The results of the extraction are kept for each extraction instance, unless the instance is deleted. The extraction results can also be injected as many times as necessary, as long as the target database is compatible, meaning that it contains the same table names and structures as the extraction tables stored in the archive.

For each extraction process, the extraction request contains the extraction branches, each of it containing extractions. The extraction request is made of one or multiple extraction definition. The initial extraction is the first request made to the database to get initial data from one table. Each referenced or dependent data linked to this first set of data fetched at level 0 constitute the next level, and eventually, each fetched data has a new level. As a level of extraction is represented by a table, filters can be applied on levels.

Extractions

Extractions are accessed and managed in the Extractions view.

Extraction modes

The extraction process gets a set of consistent data from a source and stores that data in an archive. The definition of the data to retrieve is defined in the extraction package. The extraction, with the help of the provided source data model, is in charge of retrieving all of the direct and intermediate linked table data of the initial table. A filter can be defined in the extraction package so as to define the rows to extract, avoiding retrieving all rows from the initial extracted table.
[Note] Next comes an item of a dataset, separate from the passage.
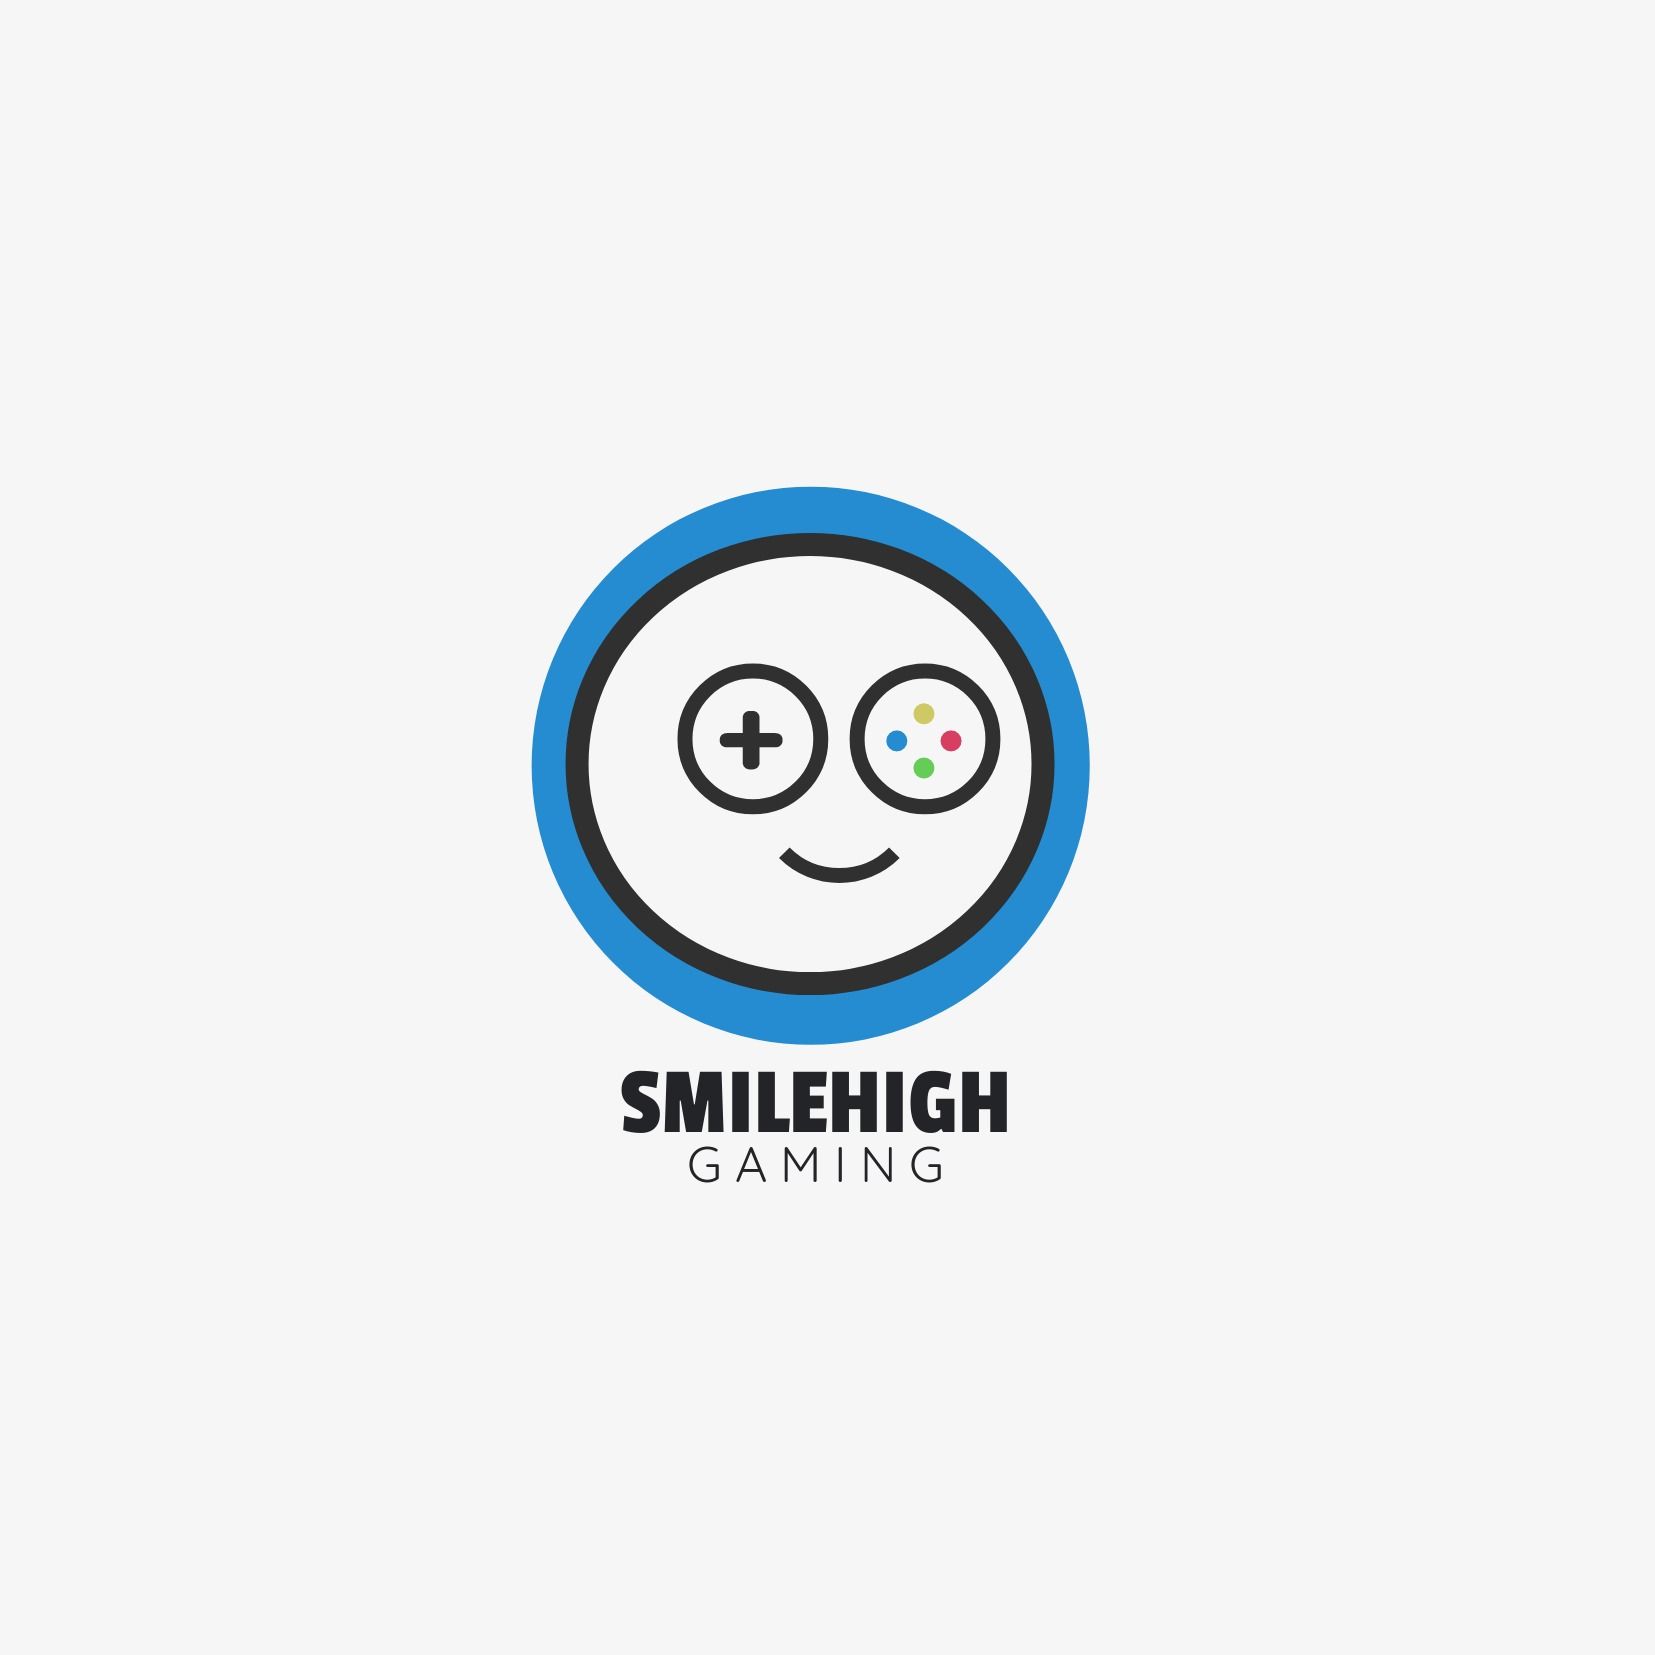 Logotipo de gamepad redondo abstracto que parece una cara sonriente y &#39;Smilehigh gaming&#39; como título - Comparación de las fuentes Passion 1 y Quick Sand - Imagen
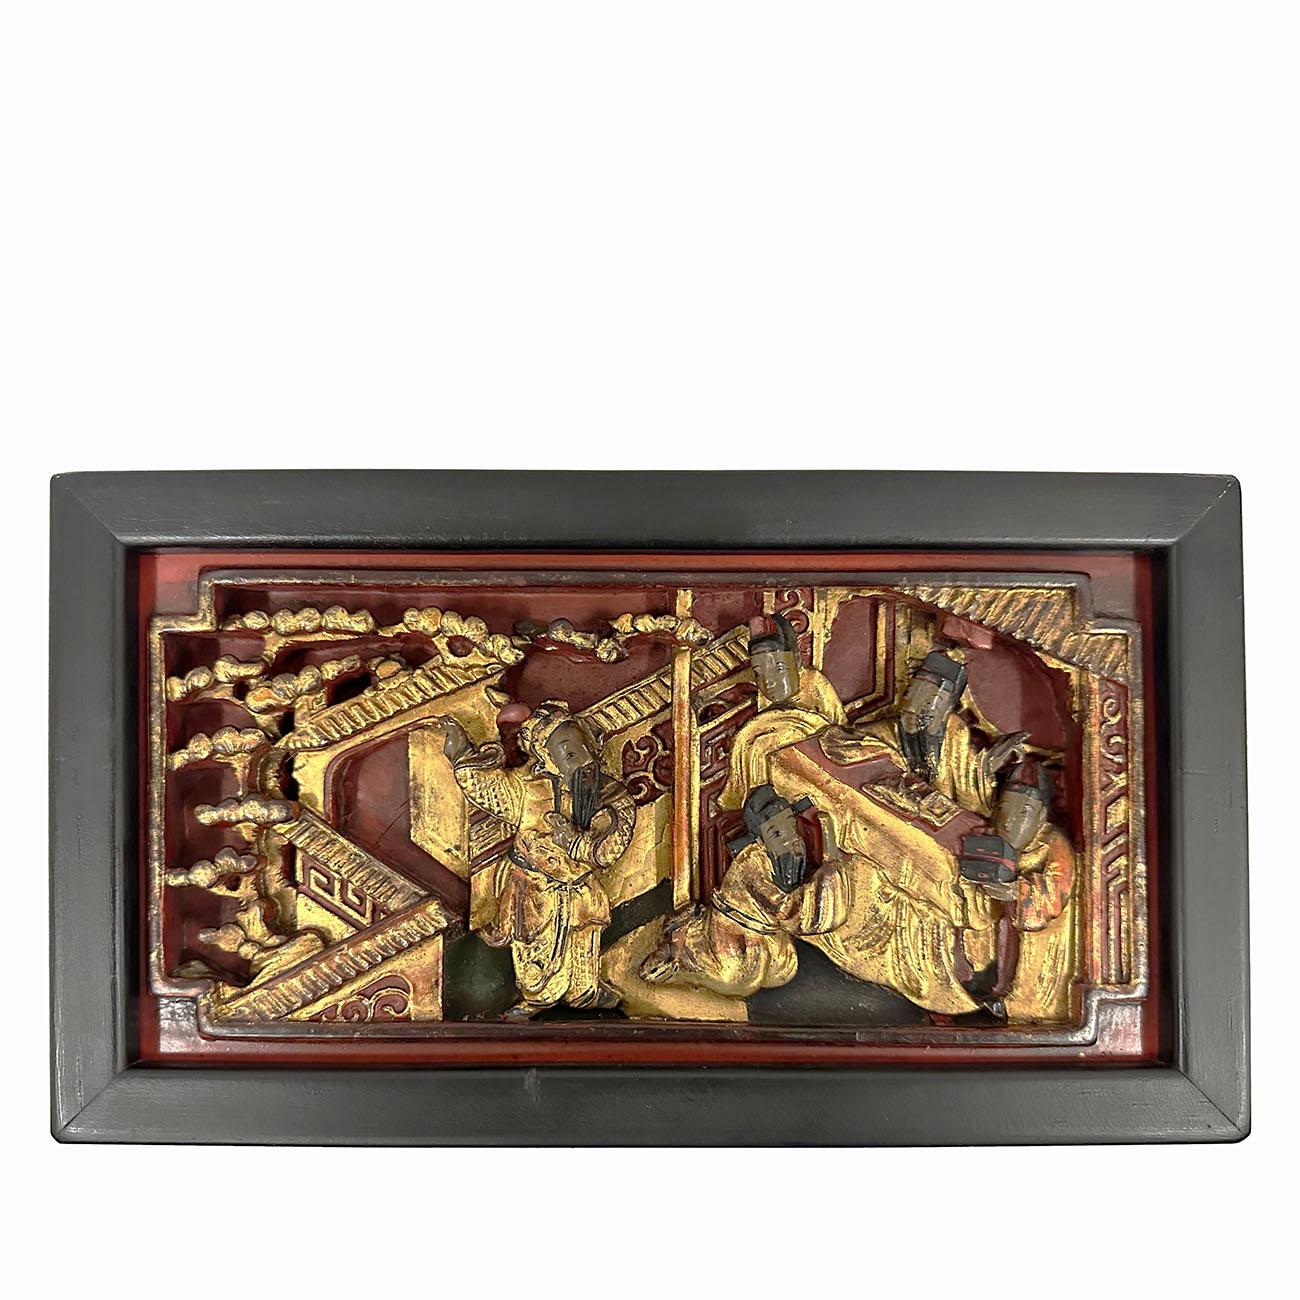 Dieser Satz von drei antiken chinesischen Holzschnitzereien hat sehr tiefe 3D-Schnitzereien Werke der chinesischen Volkskunst - Chinesische Oper mit Gold. Diese sehr detaillierten Schnitzarbeiten sind aus einem Stück Holz geschnitzt und mit einem

Data linked to extracted data can be referenced or dependent. To comply with these two options and validate the data model with respect of referential integrity constraints, DOT Extract offers three extraction modes: referenced, all and all limited.

Note
Once the extraction mode is selected for an extraction request, it stays the same for all of the following extraction processes.
Referenced Data
With this mode of extraction, the parent data is extracted in accordance with the declared SQL referential integrity constraints. This type of extraction extracts the data linked to the filter and the data that is referenced by it.
In this mode, only referenced tables are extracted.
All Limited
With this mode of extraction, dependent and referential tables are taken from the initial table to extract.
Referenced tables can only extract referenced table, whereas dependent tables can extract both referenced and dependent tables. This type of extraction allows to exclude data dependencies during the extraction.
All

With this mode of extraction, the parent and the child data is extracted in accordance with the declared SQL referential integrity constraints. This type of extraction allows to extract the data linked to the filter, the data that are referenced by it as well as the data that are dependent on it.

In this mode, referenced and dependent tables are extracted.

Important!

Use this extraction mode with caution, as the extraction process tends to fetch the entire data included in the database.

Manage extractions

Create an extraction

Follow the subsequent steps to create a new extraction.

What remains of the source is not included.